L’audience des comparutions immédiates s’ouvre sur une histoire de vol de climatiseurs dans l’annexe d’un local appartenant à Interpol, près du parc de la Tête d’Or. Les « ravisseurs » n’ont malheureusement pas pris suffisamment de précautions et se sont fait attraper [1]...

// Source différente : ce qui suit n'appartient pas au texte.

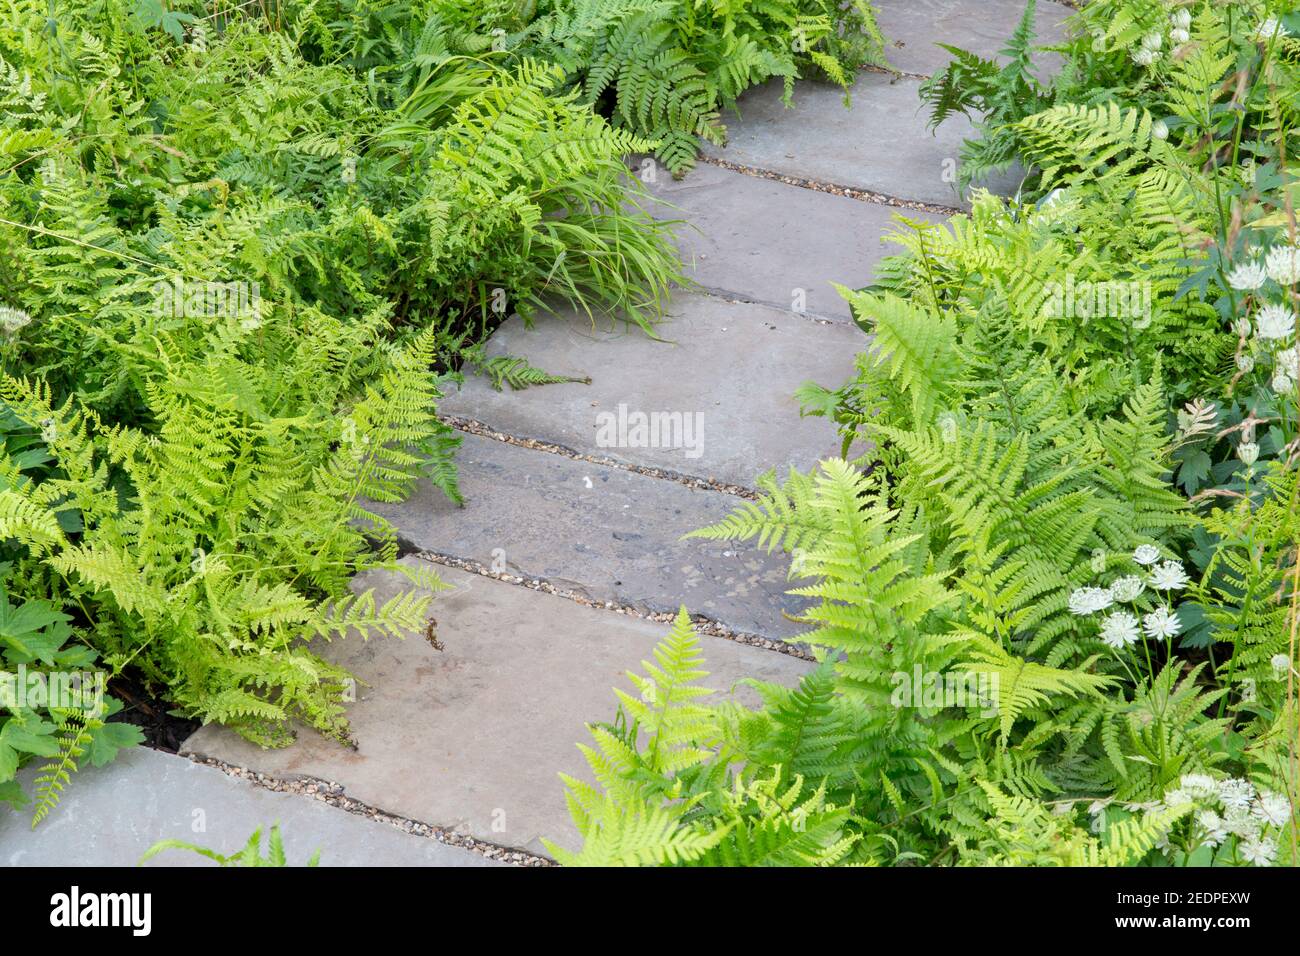 Ein englischer schattiger Vorgarten Steinplatten Weg mit Bepflanzung Von Hosta und Farne in grünen Pflanzschema Farben Farben England GB Großbritannien Stockfoto

Arrive le premier inculpé de la manifestation du 17 juillet. C’est un saisonnier qui travaillait en restauration jusqu’à ce que son poste disparaisse, l’année dernière, en raison des mesures sanitaires. Aujourd’hui intérimaire dans le bâtiment, Michel [2], 35 ans, est inculpé de « groupement en vue de commettre des violences ou dégradations », « outrage » et « violence sur agent ». Concrètement, il est accusé d’avoir, lors d’une charge de police place Antonin Poncet, fait une balayette à un policier puis lui avoir fait un doigt d’honneur une fois le robocop au sol. Il reconnaît les faits et explique qu’il était en voyage à vélo entre l’Atlantique et l’Ardèche quand il a entendu les annonces de Macron le 12 juillet dernier. Excédé à l’idée de voir le champ des libertés restreints une fois de plus, il s’est rendu dans la ville la plus proche, à savoir Lyon, lors de la première mobilisation (14 juillet). Samedi dernier, c’était la deuxième manifestation de sa vie.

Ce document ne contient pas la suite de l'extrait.